I need a caffeine punch in the gut in the morning, and this stuff isn’t it.  But for the afternoon, when I feel like a big cup of  Joe, but don’t want to be bouncing off the walls any more than I usually am, the Jamaican Blue Mountain was great.  The caffeine was subtle, gave me a little buzz, but nothing like my favorite dark roast from Paris, Carte Noire (oddly, made by Kraft, but not sold in the US), which you get in 8 oz bags and isn’t terribly cheap (Paris isn’t cheap), or my second-runner up, Peet’s Major Dickason’s Blend, which goes for around $8 for 12 oz, which is 3/4 of a pound.

So, over the past several weeks, I’ve been giving the Jamaican Blue Mountain a spin.  The first day, I made the mistake of making it for breakfast.  Oh the headache that afternoon when my body realized it hadn’t gotten its daily dose of caffeine!  But for some people, the low caffeine content is a plus, not a negative.

Chadwick sends beans, he insists they preserve the flavor better, and I have a Siemens grinder I think I’ve had for 20 years, it’s a workhorse.  So I ground my own beans, which is always great for scaring the dog and filling the air with a wonderful aroma.  Some folks online recommended that you grind it especially fine, so I did.

Before.

After.

For brewing my morning coffee, I like to use an old Italian cafetiere that my mom might have gotten in Italy decades ago.  The thing is as much a workhorse as my grinder.  I piled it extra high, as folks online had suggested, and set it atop my stove.

Pretty soon, I had coffee brewing up.

I’ve tried the Jamaican Blue Mountain coffees two different ways.  First, as a cappuccino:

And then, in a manner which the Italians taught me when I was in college.  with sweetened condensed milk, which can be a tad too sweet, but is just decadent (it’s like drinking a coffee-flavored seven-layer cookie):

The coffee was good.  Interestingly, I found that the dark roast, when I added sugar to it and nothing else, was quite drinkable as is.  And I don’t drink black coffee, ever.  I’m a milk and sugar guy.  But it was that yummy with just sugar (didn’t have the same sense from the medium blend).

Drinking it with the sweetened condensed milk was a joy.  It’s more subtle than my French coffee, which can sometimes even overpower the sweetened condensed milk.  This stuff does not.

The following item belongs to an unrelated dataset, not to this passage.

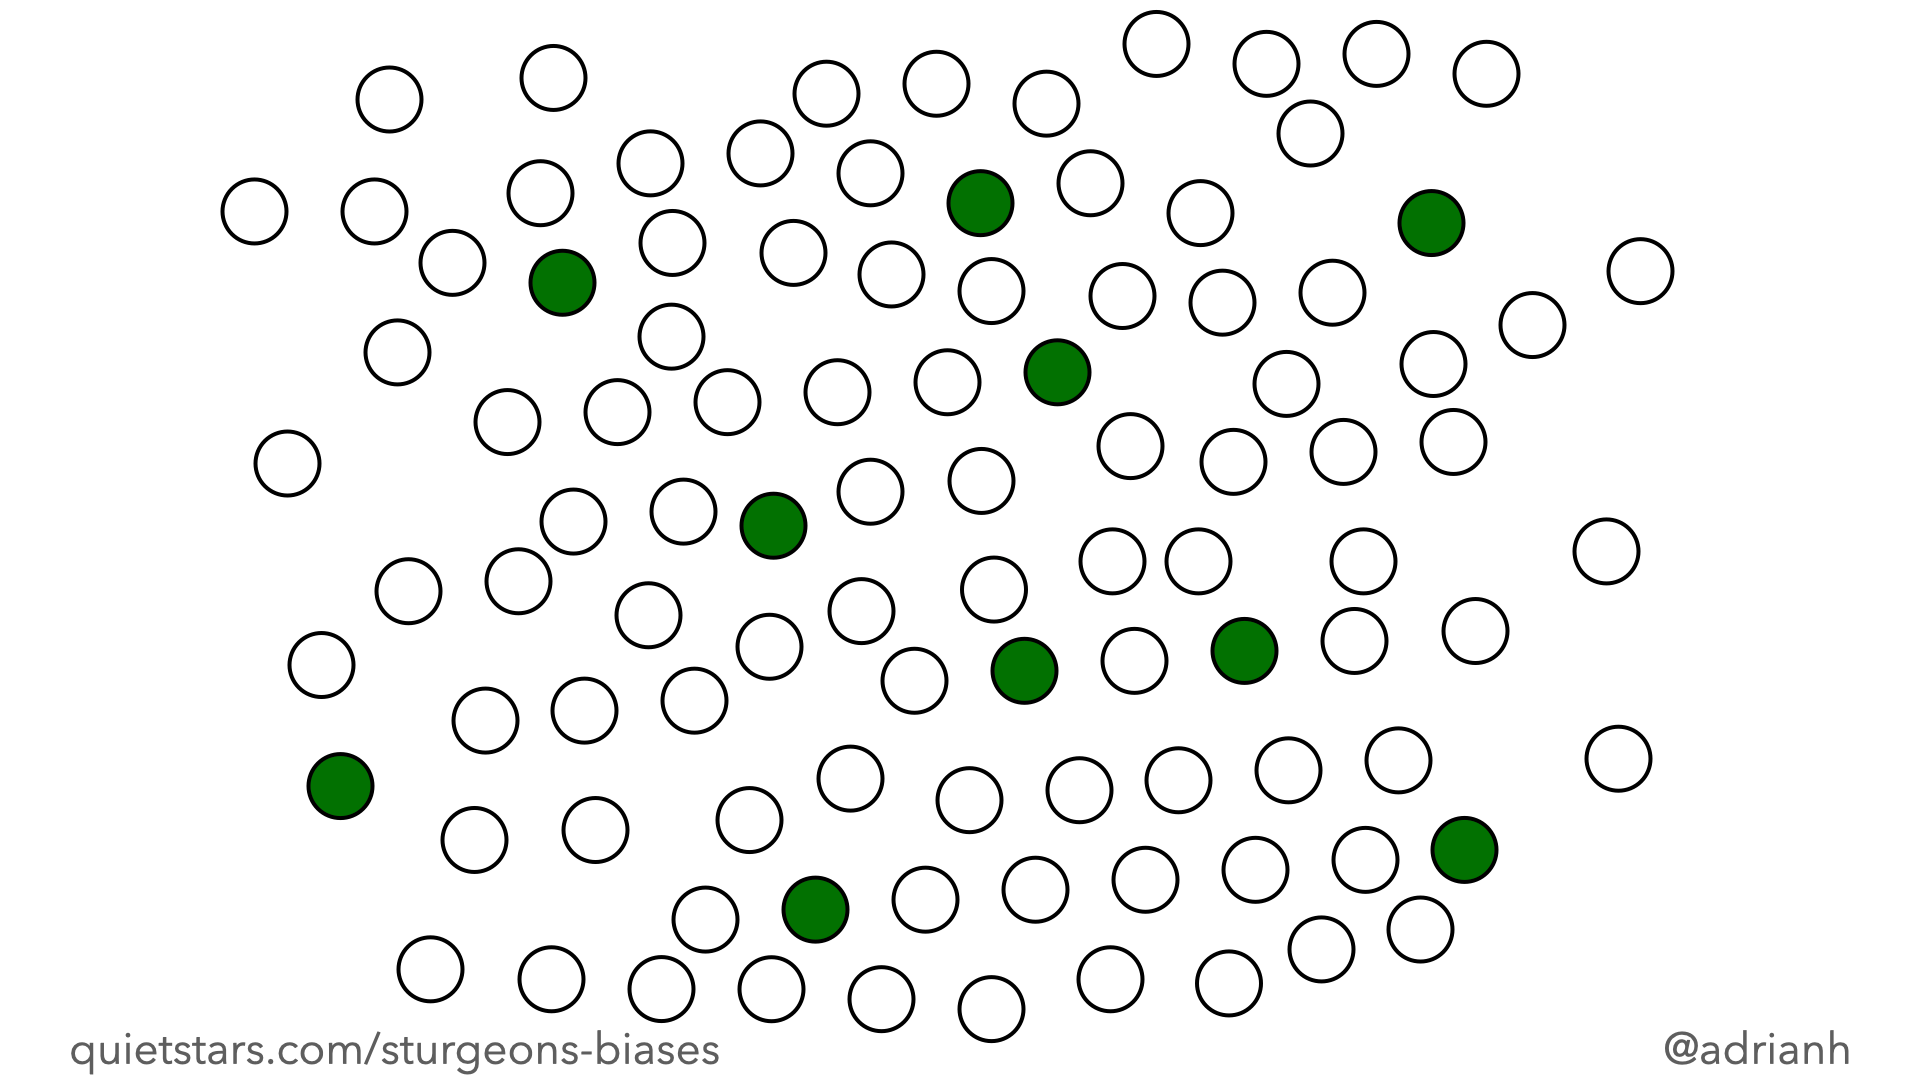 One hundred circles randomly spread. Ninety of them are white and ten are green. The green circles are spread evenly among the white.

Then as a cappuccino.  The Jamaican Blue Mountain held its own, though I still probably prefer my French coffee’s overpowering flavor for my cappuccio.  But the Blue Mountain wasn’t bad.  Contrast that to a Nespresso machine I got recently as a gift.  The thing couldn’t make a strong enough cup of coffee if it tried.  Or rather, the coffee is strong, but the servings are so small that I need to use two of those 60 cent coffee pods for each of the two morning cappuccinos that I normally have each day (totaling $2.40 a day for my morning coffee, which is a bit insane for coffee made at home).

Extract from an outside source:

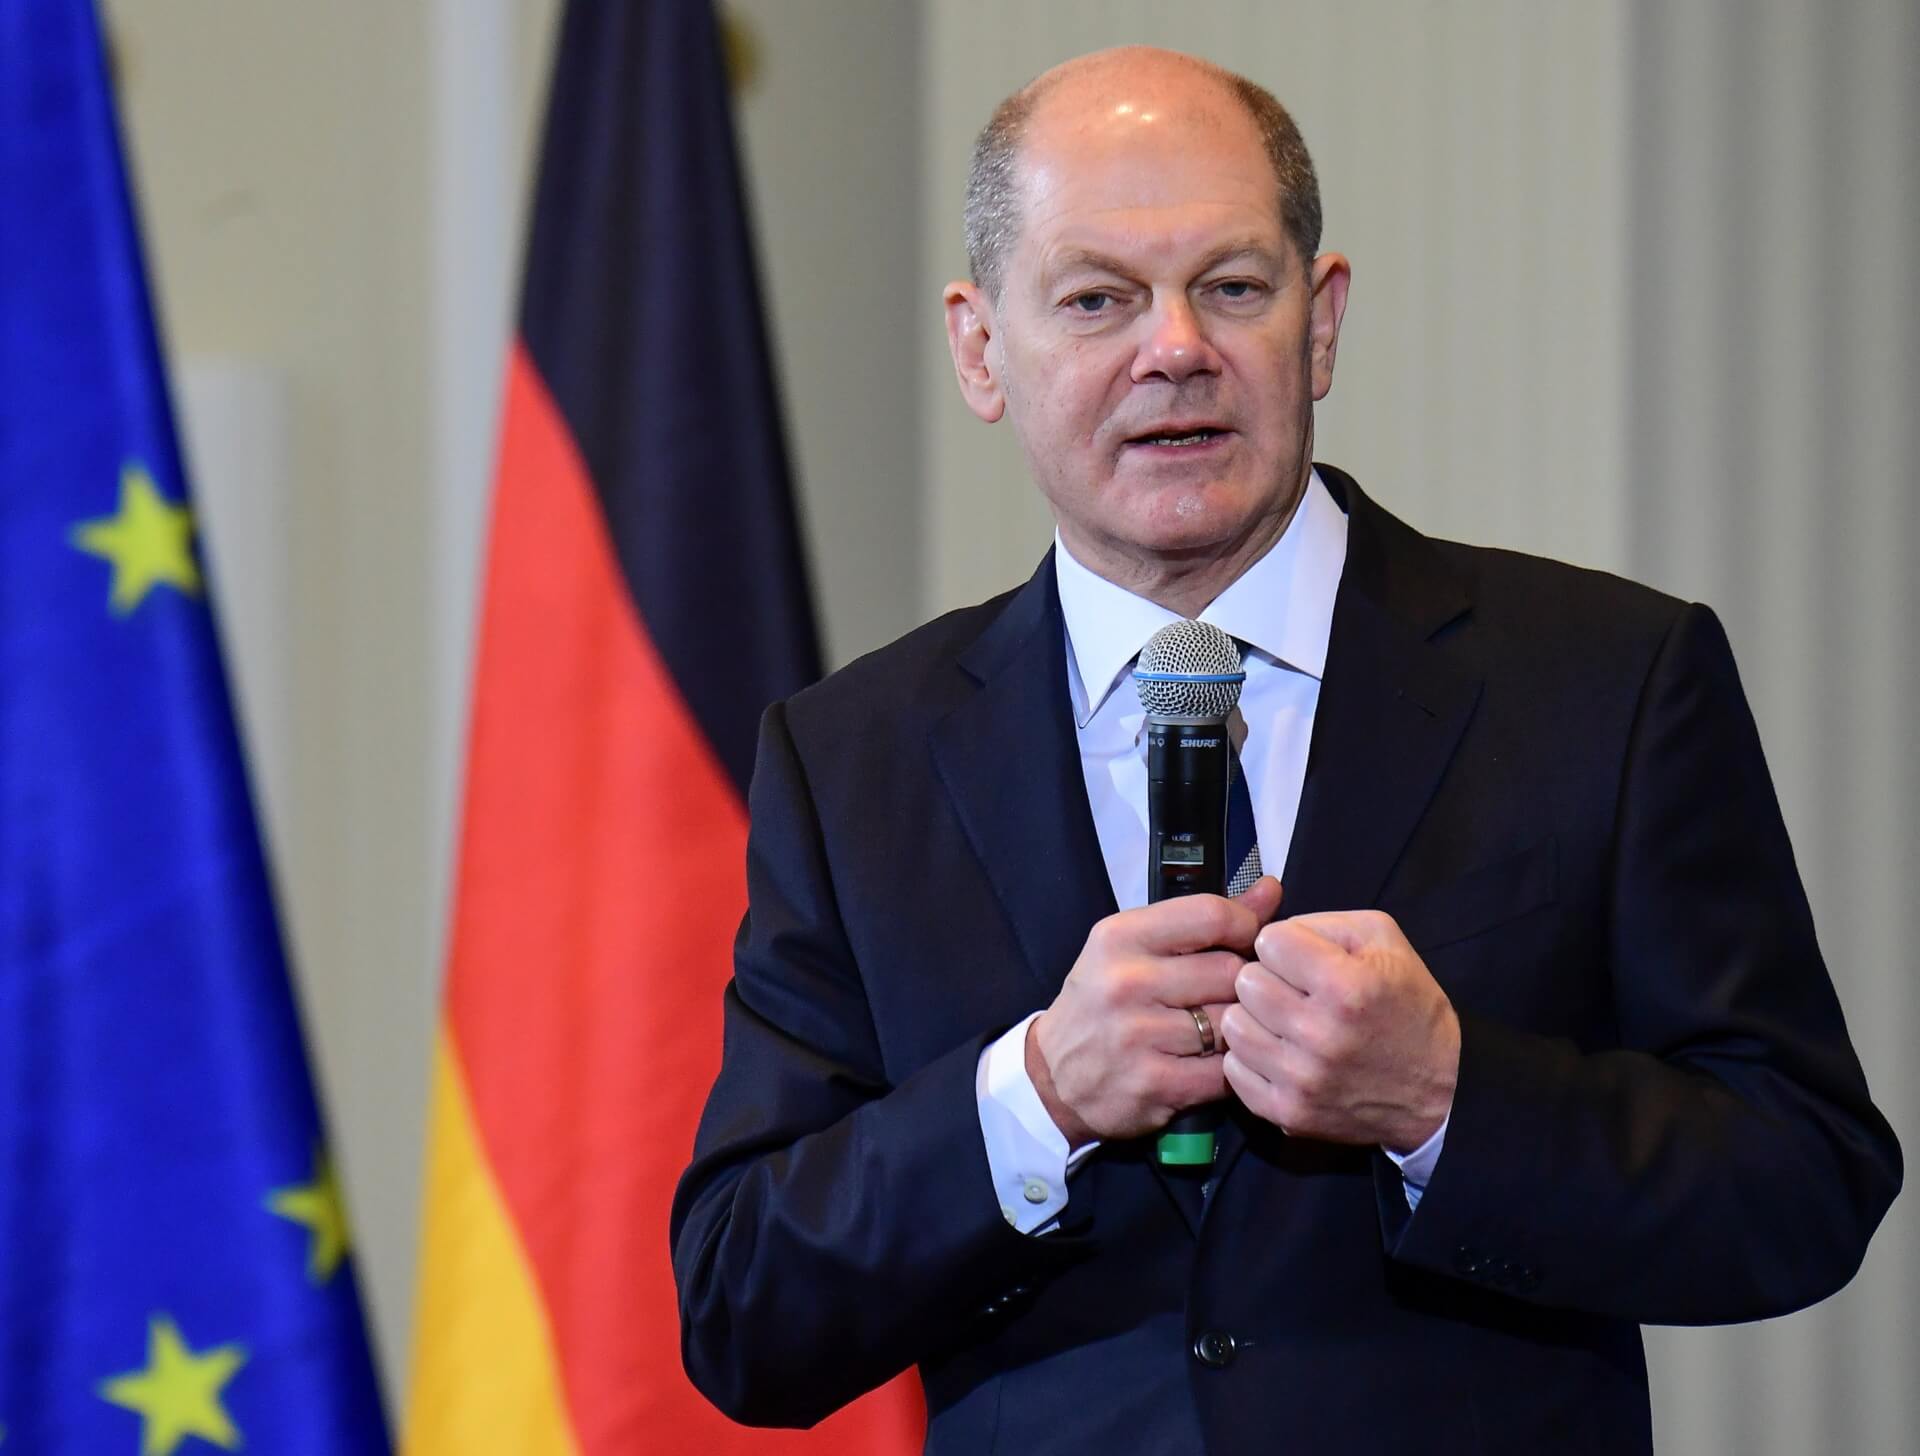 German Chancellor Scholz Avoids Airing Human Rights Concerns in First Call With China’s Xi

So is the Jamaica Blue Mountain worth the price?  As a gift, certainly.  I’l be buying a few bags for family members for Christmas as “gourmet” gifts – I like the idea of giving people pampering things they might not give themselves.  But for myself, because of the low caffeine content, and the price, it’s probably not the coffee I’d go for for my daily blend.  (Though I could see keeping a pound around for something “special” to serve at dinner parties – again, makes a nice gift for any foodies that you know.)

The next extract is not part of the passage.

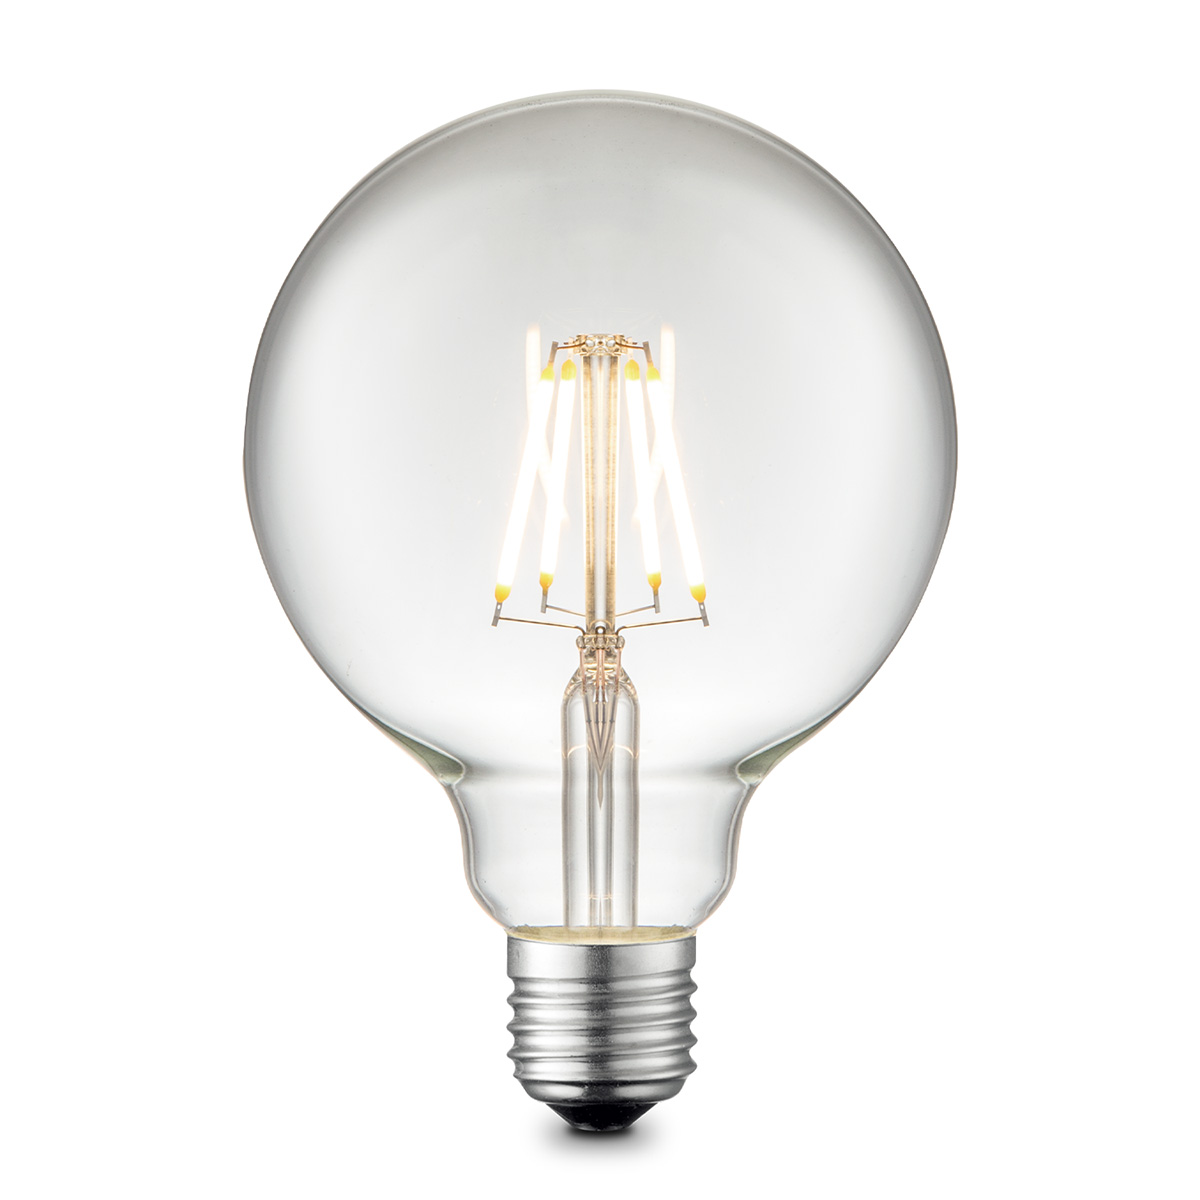 Tangla lighting - TLB-8004-02CL - LED Light Bulb Deco filament - G95 2W clear - non dimmable - E27

So there you have it.  You can visit Chadwick’s online store and peruse the goods here.


Follow me on Twitter: @aravosis | @americablog | @americabloggay | Facebook | Google+ | LinkedIn. John Aravosis is the editor of AMERICAblog, which he founded in 2004. He has a joint law degree (JD) and masters in Foreign Service from Georgetown (1989); and worked in the US Senate, World Bank, Children's Defense Fund, and as a stringer for the Economist. Frequent TV pundit: O'Reilly Factor, Hardball, World News Tonight, Nightline & Reliable Sources. Bio, .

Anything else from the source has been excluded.